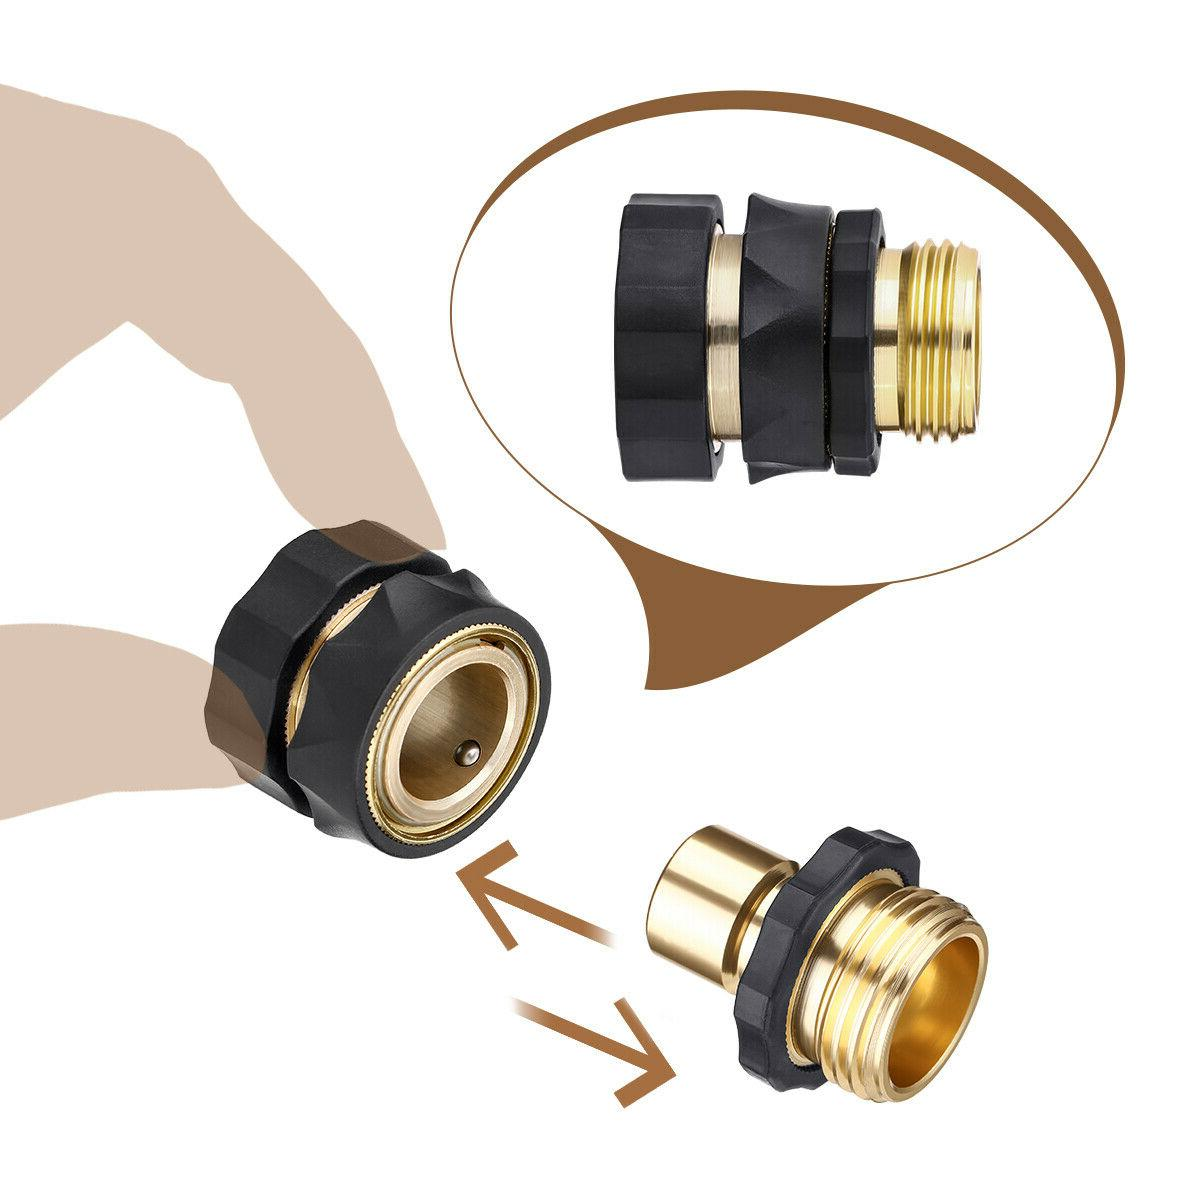 4 3/4' Garden Hose Fit Hose Tap Adapter
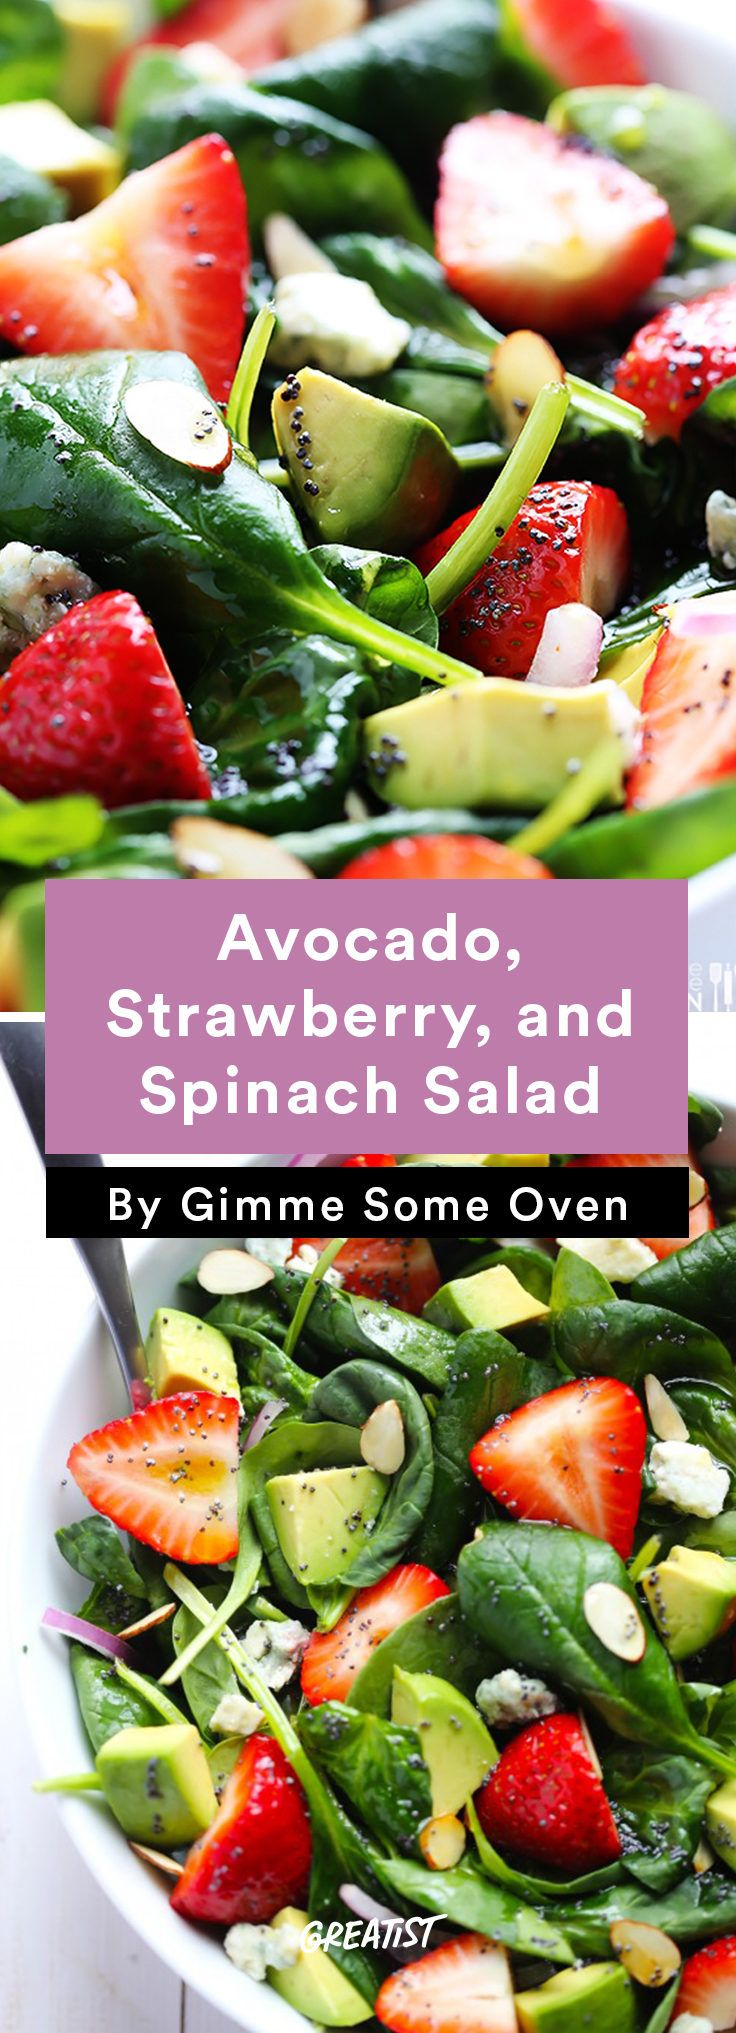 Avocado, Strawberry, and Spinach Salad
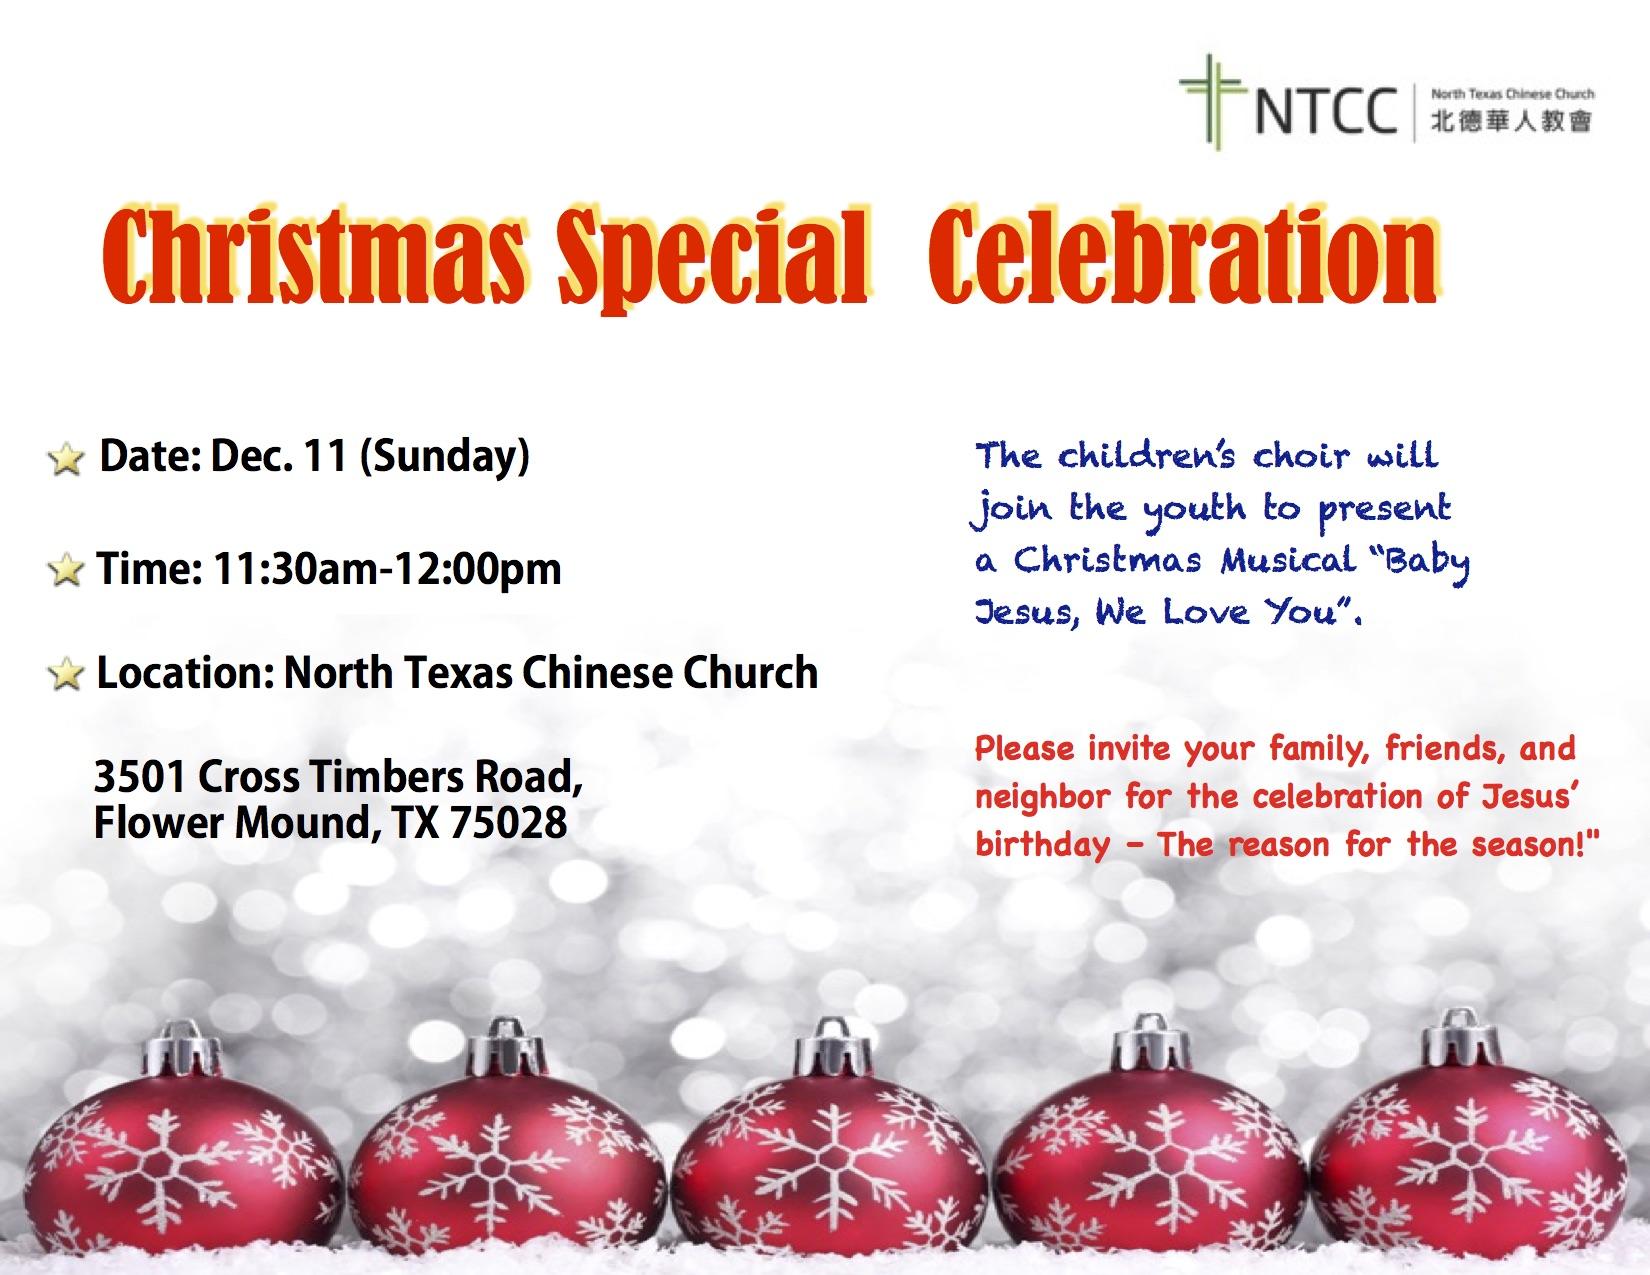 2016-ntcc-christmas-special

※ ※ ※

### What you should do
Your copy should run from the line that has "Avocado, Strawberry, and Spinach Salad" through the last line above, exactly, with both ends in and pictures out.

### Finished exercise
 Avocado, Strawberry, and Spinach Salad
 2016-ntcc-christmas-special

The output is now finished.